The last time Japan hosted the Winter Olympics, Goop didn’t exist for another five years. Jam to front board.

Damn, that’s harsh.
But even though he wasn’t driving, he was managing where we were going, he had so many pins, he is the pin master. He had all these dams and all these just like, you know, well not to spill his trade secrets, but the man is super dialed with his maps. 

There’s no substitute for experience. So you were also with Taka. What was it like hanging out with him? 
It was so sick. The language barrier is deep, but we had so many moments that I felt like we were really getting to know each other. Like he has a way of communicating without necessarily talking. I respect him. He’s a father with a few kids, he was in the Olympics, and now he’s just like doing his fucking thing. 

Hi-yah from the top rope.

Yeah. And I think they all have kids.
Yeah. I think I was the youngest one on that trip by like 10-plus years. 

I think you might be right. I think the next youngest might be Louif, and I think he is 36.
And I think Perly, I know Perly is older than Lou.

Planes, trains, and automobiles, straight to sunset turns with the crew.

You might’ve been the youngest by 15 years.
Mm-Hmm. I was 21 at the time. I think I was the youngest by a clean 15.

Did you feel any pressure when you were strapping in, knowing that Wolle and Louif were looking on?
I would love to say, no I was chill, but yeah, 100 percent. Not a weird amount where it would actually make me not want to board or anything. I had a lot of those thoughts going through, like, I should probably look for something pretty fucking big to hit. 

Looks bigger than a hillside. Lou.

To that note, what was the most impressive thing you saw happen on the trip?
Dude, one of the craziest moments actually was not a land, but Taka came into a jump and he’s like 45 or something, I don’t know. But he went so fast and flew almost clean to the other side of the ravine. His knee was a little banged up, but he didn’t break himself off. But I would say, Louif’s back rodeo seven that he did was also a really fucked up one. He had to thread the needle through some trees and the drop-in was all sketchy. Perly had some funny ass moments too. He was cracking me up the whole time.

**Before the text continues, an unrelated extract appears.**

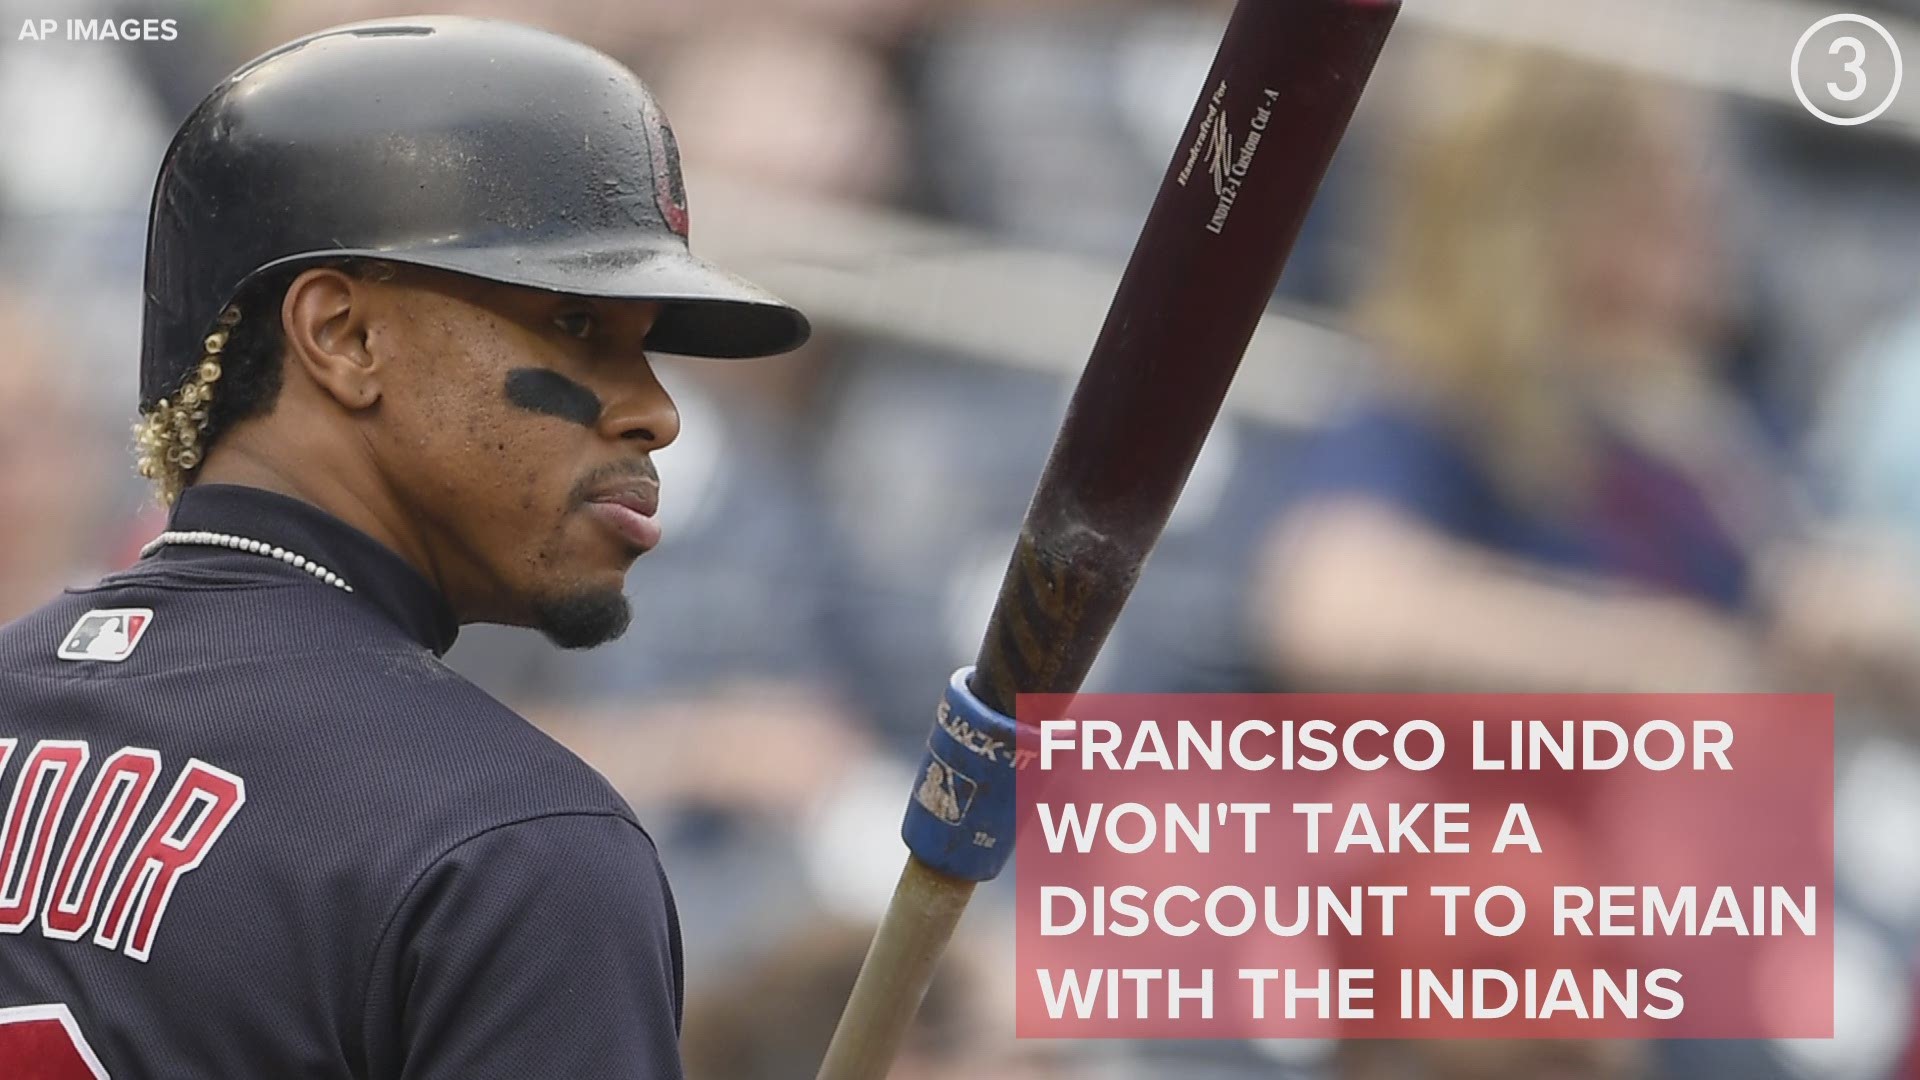 Speaking to Jayson Stark of The Athletic, Francisco Lindor revealed he's not willing to take a hometown discount to remain with the Cleveland Indians.

Yeah, I really miss hanging with him. Did you learn anything in particular from your time being around Louif and Wolle? 
There was this conversation I had with Wolle at some point during the trip where I was expressing how stoked I was to be there with them and just really appreciative of it all. And Wolle told me, “Yeah, it’s so sick, but just remember, we’re all just out here doing the same shit. We’ve just been doing it for a longer time. We’re not operating too differently from all the other people you’ve been out with.” That was that that kind of stuck out to me ‘cause I was just like you could do one thing for that many years and you’re definitely gonna pick up on a lot of pretty crucial shit. But at the end of the day we’re definitely all doing the same thing.

Any guessing on what they're staring at?

Yeah. You found comfort in hearing that from him?
Definitely. But I would say even shit as simple as like, I would be dropping into something and Wolle would be like, “Yo, you should probably flatten out the run-in and, add some kick.” Learning how to build shit with them definitely gave me some insight. Building something realistically, instead of just kind of half-assing it. That’s something you get from riding with dudes who are that fucking dialed. 

Yep. [Laughs]
Louif is the king of that shit. He taught me a lot of really cool tips. I have never really used markers like sticks or anything. He’d tell me to look towards something while I was dropping and sure enough you look at wherever you’re dropping and that’s where you’re gonna go. 

There is no substitute for experience. Louif, pillow handplant to regs.

I was so impressed to watch him balance family and snowboard lives where I’d film him in Quebec doing some crazy stuff. And then we’d always be home by 6 PM so he could be there for bath time and dinner.
After full days of boarding, going back and Louif and Wolle would both be on FaceTime with their partners and kids. Still maintaining that dope balance, doing the same thing we’re doing, but also keeping in touch with their life back home was pretty sick.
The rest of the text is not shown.